In certain situations, changing the equipment configuration is not an option. Other methods must be implemented to reduce flow losses. This can be accomplished by reducing the viscosity of the produced fluid, typically by injecting diluent (light petroleum products or water) down the annulus (to reduce pressure losses in the tubing) or into the flowline near the wellhead (to reduce flowline losses). Note that if viscosity-reducing additives are injected down the annulus, special caution must be taken to ensure that they will not damage the stator elastomer.

Optimal elastomer selection and pump sizing

Elastomer selection and pump sizing are important in heavy oil applications to achieve optimal performance and pump run lives. It is normally preferred to start with medium-NBR elastomers in these applications because of the superior mechanical properties of these materials. However, in heavy oil applications in which the pumps are prone to swelling (e.g., eastern Venezuela), consideration should be given to the use of high nitrile elastomers. Several vendors have recently introduced soft elastomers (i.e., < 65 shore A hardness) for heavy oil service to facilitate effective sealing while allowing high concentrations of sand to pass through the pump without causing damage. Because slippage rates decrease and pump efficiencies increase with higher fluid viscosities, PC pumps can typically be sized with bench-test efficiencies of 70 to 80% at speeds of 100 to 150 rpm (i.e., at rated pressure without consideration for swell or thermal expansion) without negatively affecting performance. In new applications, optimal sizing criteria can be determined only on a trial-and-error basis by varying pump sizing and subsequently tracking both short-term and long-term performance. There is a tradeoff between sizing pumps more tightly to permit a larger degree of wear to be tolerated before a significant loss in efficiency is incurred and relaxing the fit to reduce the elastomer stresses and prevent elastomer fatigue failures. As a result, it is preferable to start by sizing pumps in the middle and adjusting the sizing criteria based on the types of failures that occur.

Flexible power transmission

Production from heavy oil wells can also be highly variable in nature. To respond to the changing operating conditions, it is important to have a flexible power transmission system.

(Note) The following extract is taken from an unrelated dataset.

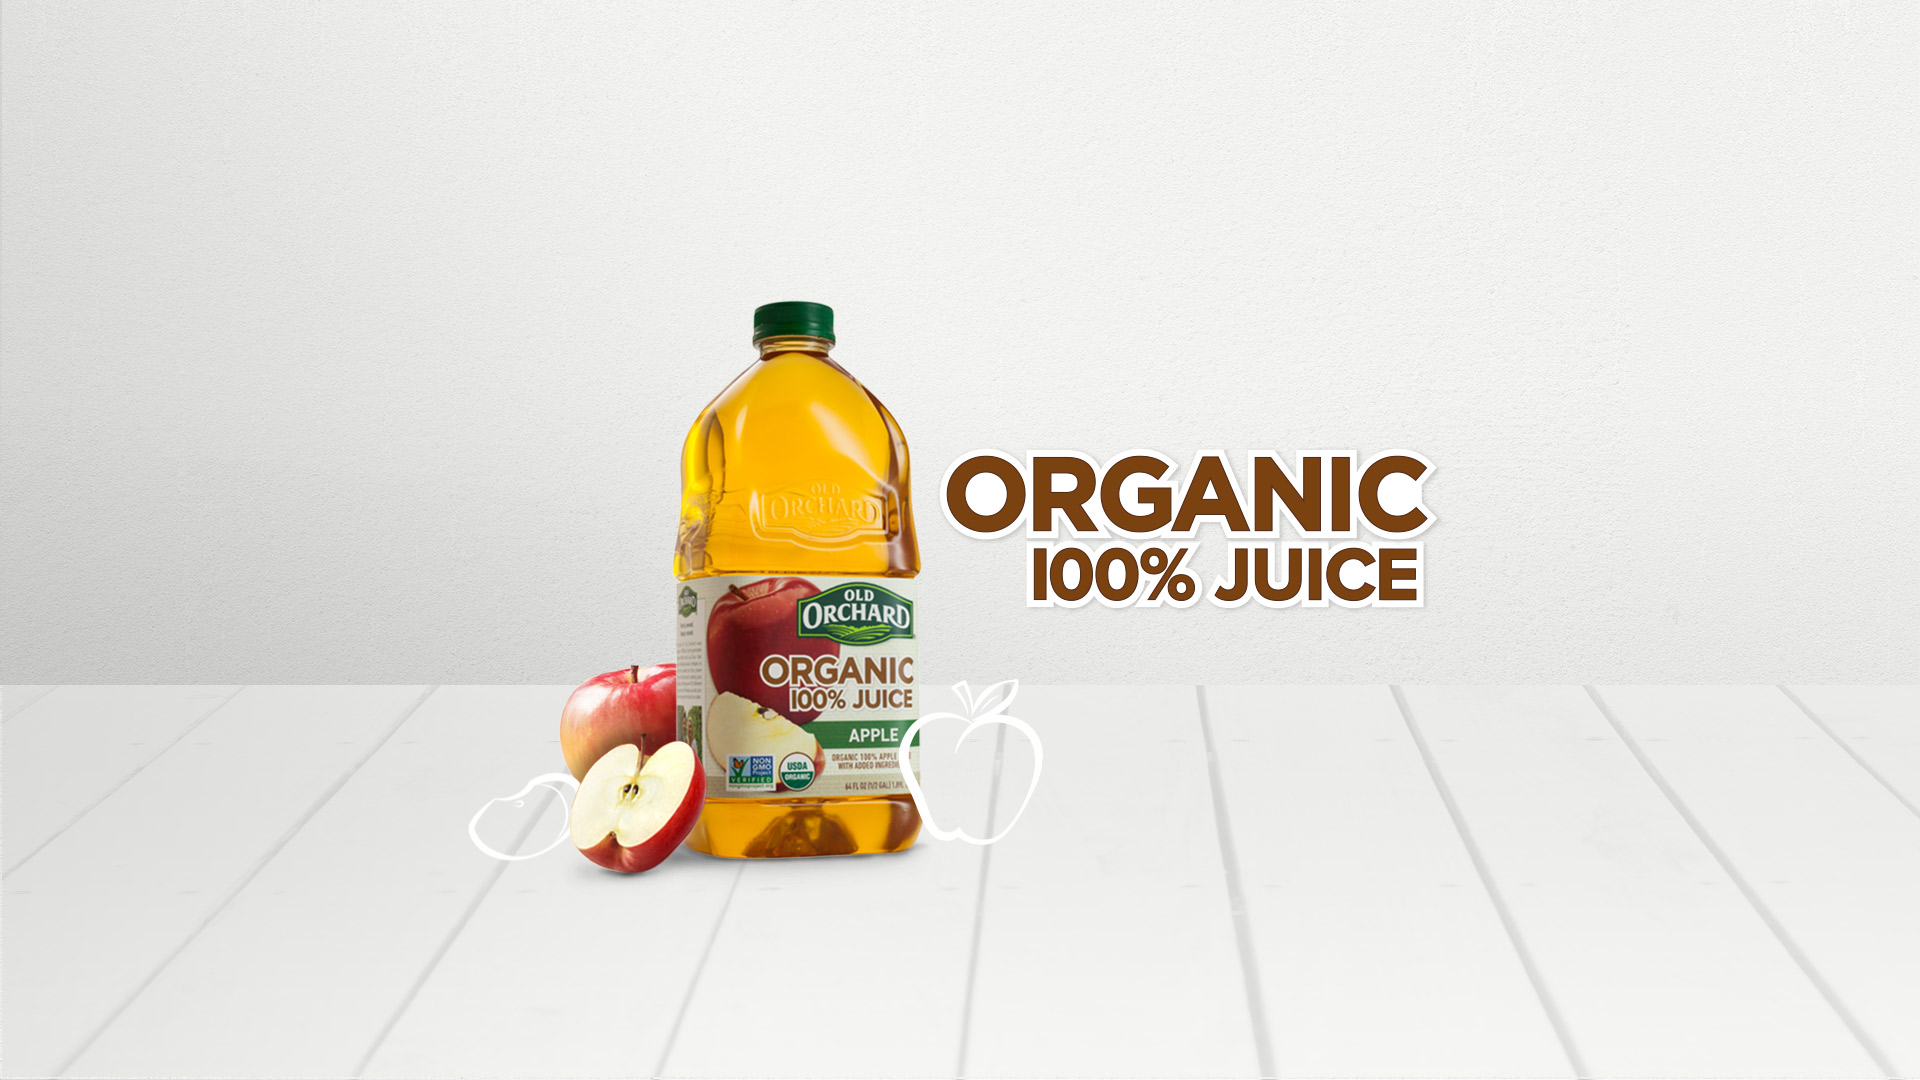 Juicy Juice Organics Apple Juice 100% Organic Apple Juice, 8 ct
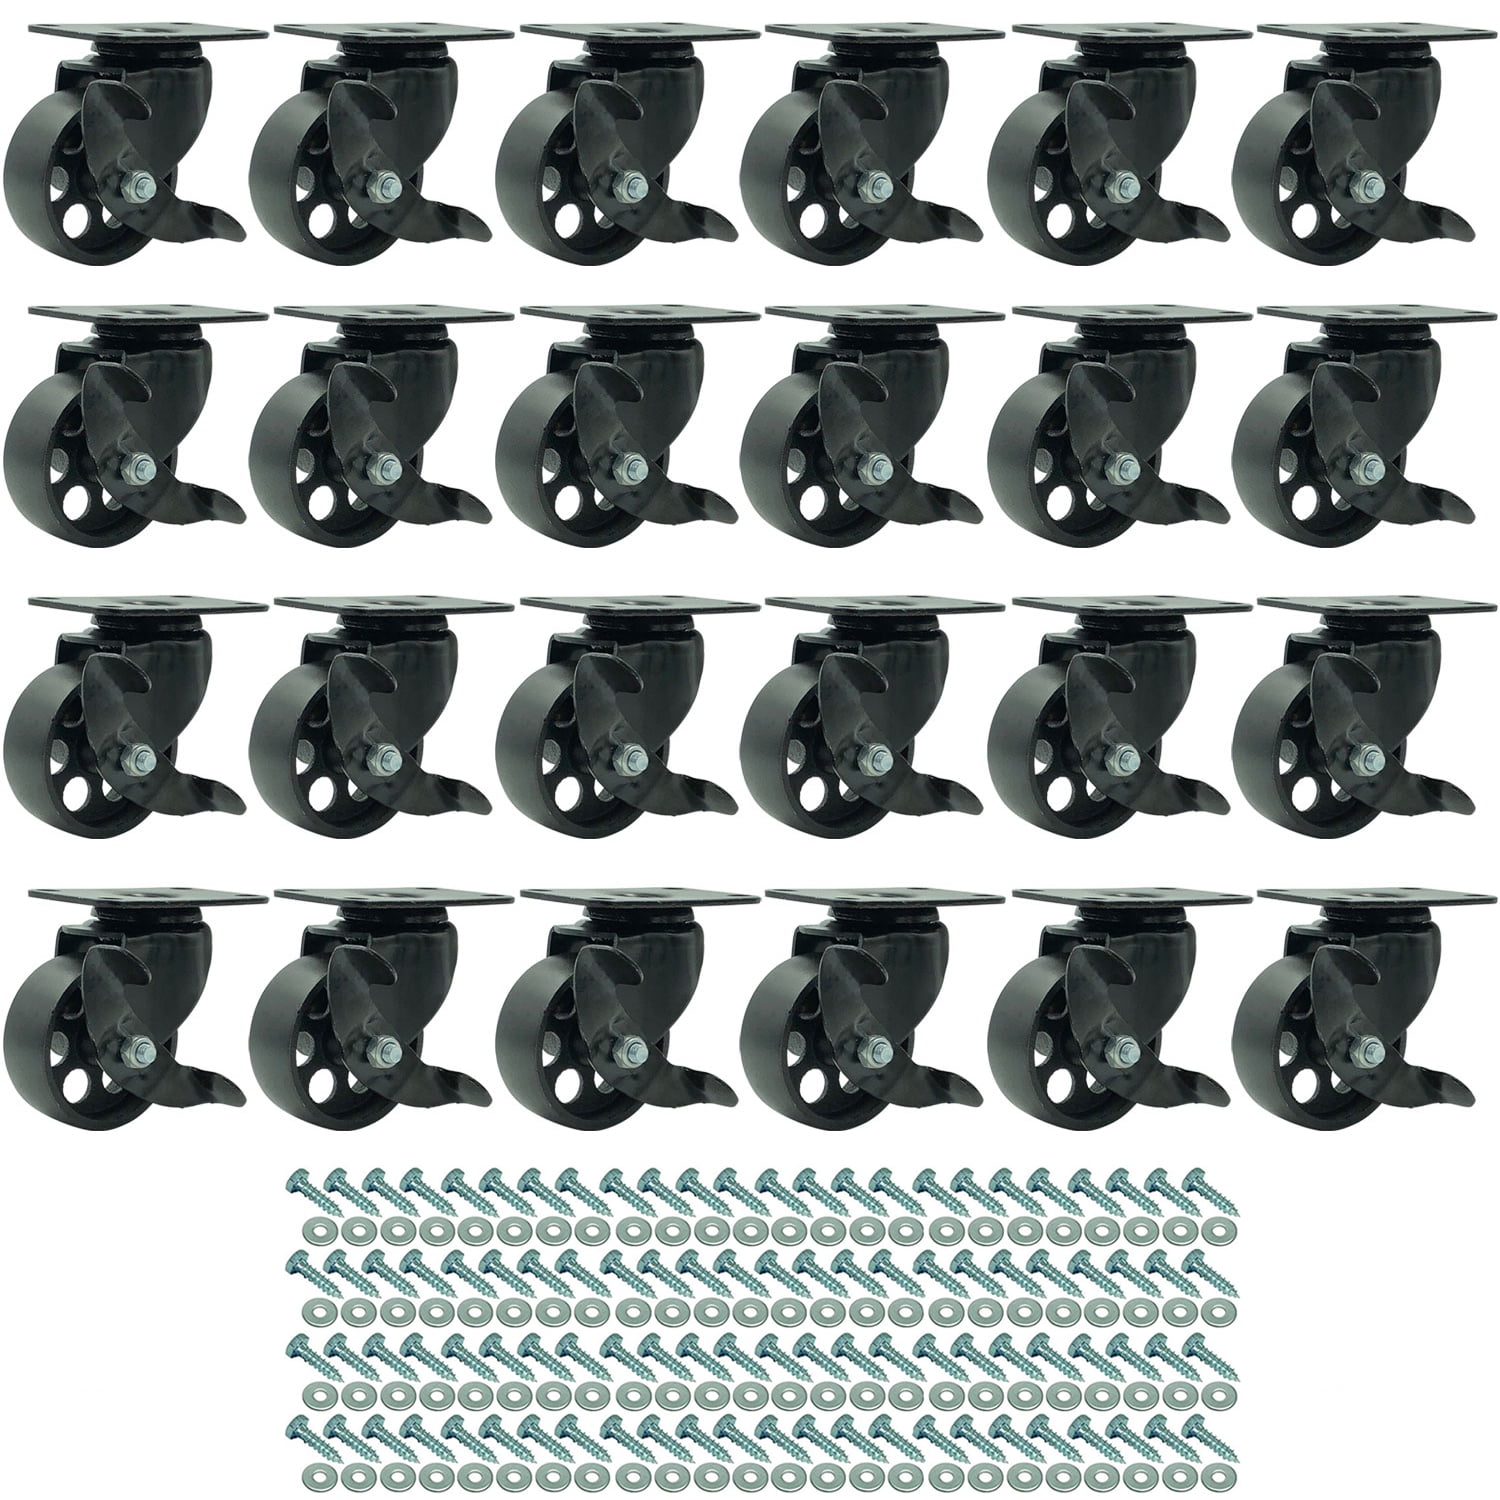 24 All Black Metal Swivel Plate Caster Wheels Heavy Duty 3" No Brake

Hydraulic systems are quite common because they provide variable speed capability with a high turndown ratio that is often necessary to facilitate the low pump speeds typically required. Electronic systems (electric motors with speed control systems) can also be effective as long as they have the ability to operate within the lower speed ranges.


  1. Dunn, L.J., Matthews, C.M., and Zahacy, T.A. 1995. Progressing Cavity Pumping System Applications in Heavy Oil Production. Presented at the SPE International Heavy Oil Symposium, Calgary, Alberta, Canada, 19-21 June 1995. SPE-30271-MS.
  2. Wild, A.G. 1991. Pumping Viscous Fluids With Progressing Cavity Pumps. Paper presented at the 1991 Intl. Pump Conference: Meeting the Pump Users’ Needs, Regents Park, London, 17–19 April.
  3. Matthews, C.M., Dunn, L.J., and Zahacy, T.A. 1993. Real Time Monitoring of Fluid Rates, Fluid Viscosity and Polished Rod Loads in Progressing Cavity Pump Installations. Paper presented at the 1993 CIM/CHOA Heavy Oil and Oil Sands Symposium, Calgary, 9 March.